Pakistani migrants, dual nationals, and British citizens of Pakistani descent took over streets in several British cities on Wednesday to celebrate Pakistan’s independence from Britain. In some cases, the rowdy celebrations were actively facilitated by the police shutting down roads for them—angering English soccer fans who were subjected to an anti-social behavior dispersal order when the national team played in the European Football Championship finals in July.

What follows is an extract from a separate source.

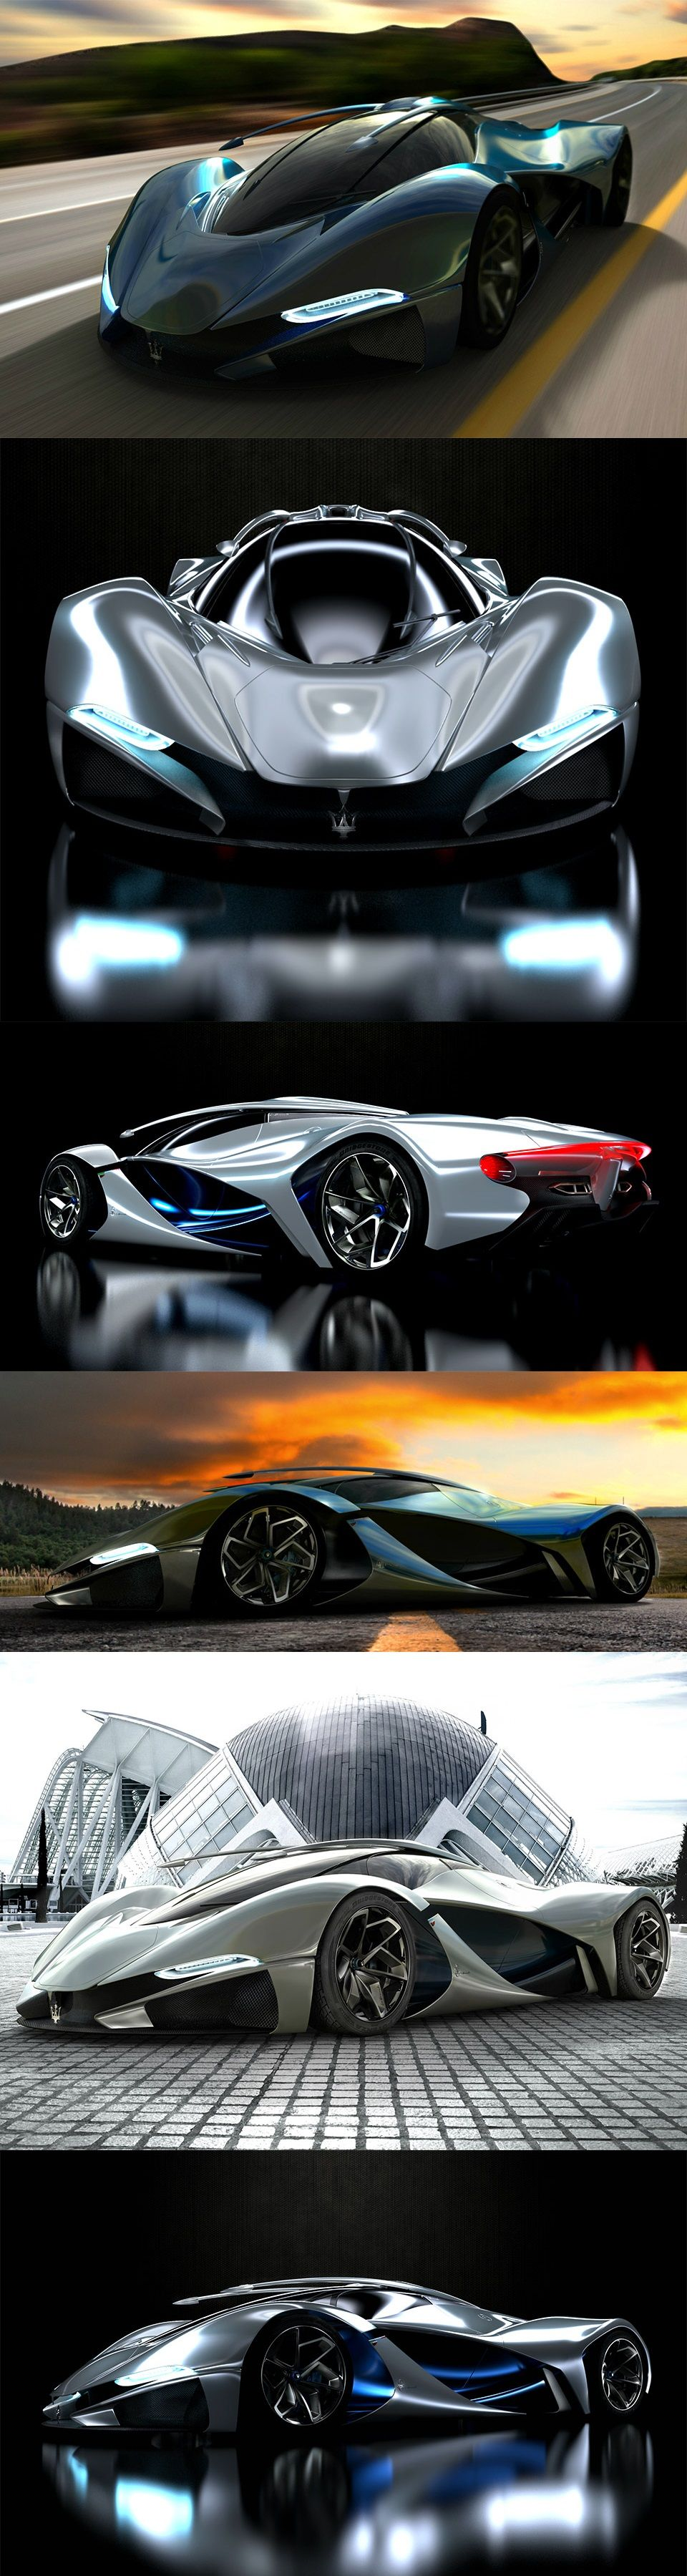 LaMaserati - Concept Car by Mark Hostler

Media coverage of the celebrations, which come as Britain is wracked with anti-mass migration demonstrations and Muslim and far-left counter-demonstrations, is limited. However, footage uploaded to social media by revelers shows crowds with Pakistani flags and cars wrapped in Pakistani colors cheering their independence from Britain, lighting fireworks, and honking horns long into the night in cities including London, Birmingham, and Manchester.
Some municipal governments in areas with large Pakistani heritage populations marked Pakistani Independence Day by lighting buildings such as public libraries in Pakistani colors.
Britain’s 2021 census registered 1.6 million British Pakistanis, and annual Pakistani immigration has been accelerating in recent years—up from 21,000 in 2019 to 83,000 in 2023. Much of the demographic is poorly integrated, with around 46 percent of Pakistani heritage newborns in Bradford, a significant Muslim population center, being the result of marriages between first cousins. Pakistanis are also the most unemployed demographic in Britain and are disproportionately likely to be arrested.
Pakistan separated from the British alongside India and East Pakistan, now Bangladesh, in 1947. Under the British, the three nations had been united as a single state, but a partition along religious lines was forced by pressure from the Muslim League. This partition was marked by up to two million killings and the displacement of over ten million people, mostly Hindus and Sikhs.